主人公編



昔話を少しだけしましょう。




私の両親と兄は4年ぐらい前に死んでしまった。仕事を終えて工場に行くと私たちの工場に普段では想像もつかない人だかりができていた。目の前に広がる炎を見ながらいったい私の何が悪かったのか、いい子にしていなかったからどうか。もしあの時両親のいう事を聞いていれば、とか子供に戻ったようにそんな事考えていた。




かろうじて見つかった母親の遺骨、頭に銃弾を撃ち込まれたような跡があり、それを隠すために工場すべてを焼いたのだろうという警察の話などあまり耳に入ってこなかった。どうして両親は殺されたのか、一緒にいた兄までも。




3人は焼かれてしまい、何一つ残っていない。お葬式で燃やす骨も、3人が好きだった有名歌手のサイン入りCDもすべて燃えてなくなってしまった。

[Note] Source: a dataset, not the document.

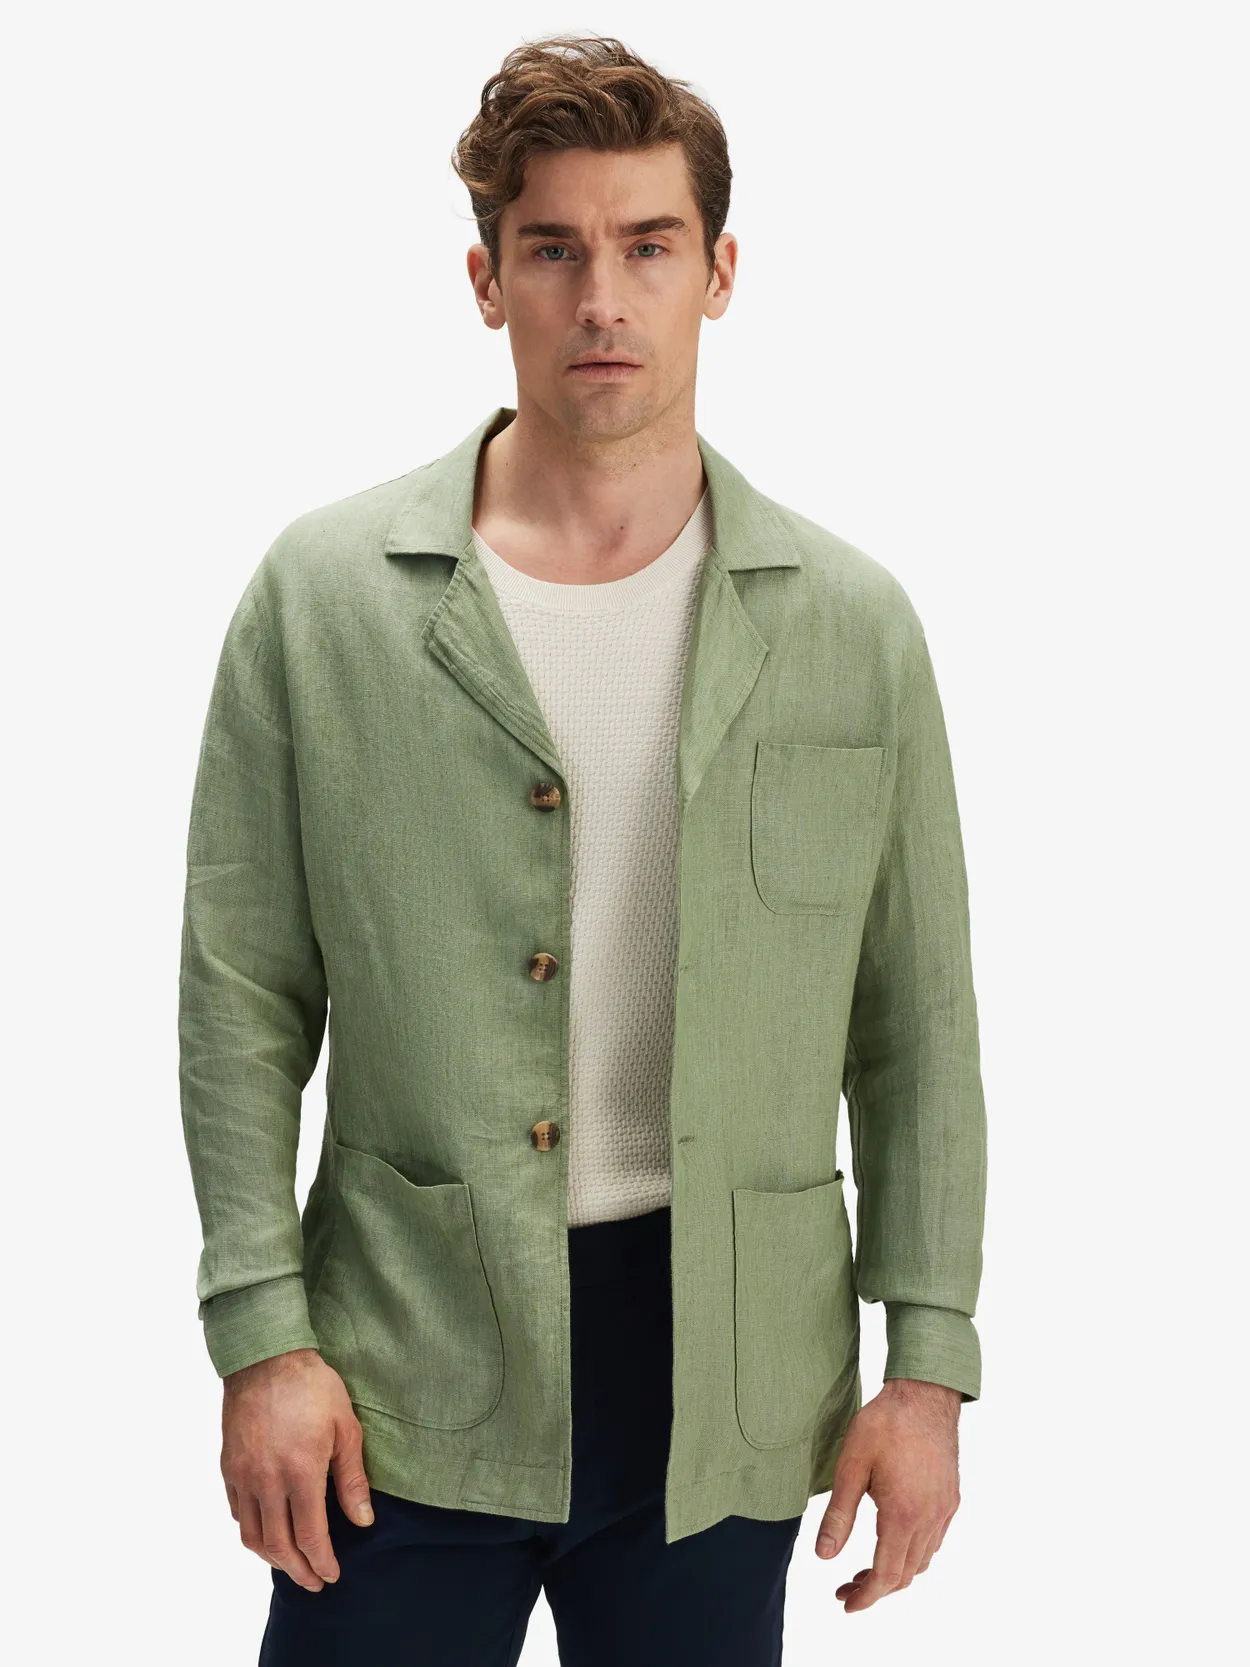 Green Linen Shirt Jacket

何も残っていない。遺骨の無い葬式をあげて、お墓に入れる3人の所持品はあるけれど、それを好きだった彼らはいない。彼らを形作っているすべてのものが、あのお墓には入っていない。




家族が望んでいるかもわからなかったために事件の事を調べようにも一歩が踏み出せ無いでいた、けれど、死んでしまった人間に「私はあなたたちの死の真相を調べたほうがいい?」と聞いても帰ってくるのは何も発し無い空気だけ。聞いたって帰って来ない。だったら自分が納得するほうを行くのが最善だと思い。私は家族の死の真相を調べることにした。




調べていくうちにやはりというべきか、あの組織が関わっているのではないかという情報を手にいれた。別段うちの家族は組織と関わりのある仕事をしていたわけではない。どちらかというと警察に関わる仕事をしていた。




それが原因なのだろうか。




そもそも、組織に殺されなければいけないほどのことを両親がやっていたとは限らないし、もしそうだとしたらなぜ、私は殺されていないのだろうか。




あんな殺し方をして葬り去った家族の生き残りなのにも関わらず、私を殺しに来ないのは些かおかしいのではないだろうか。




私は、待ち合わせをしている彼を尋ねるべくあるお店に足を向けた。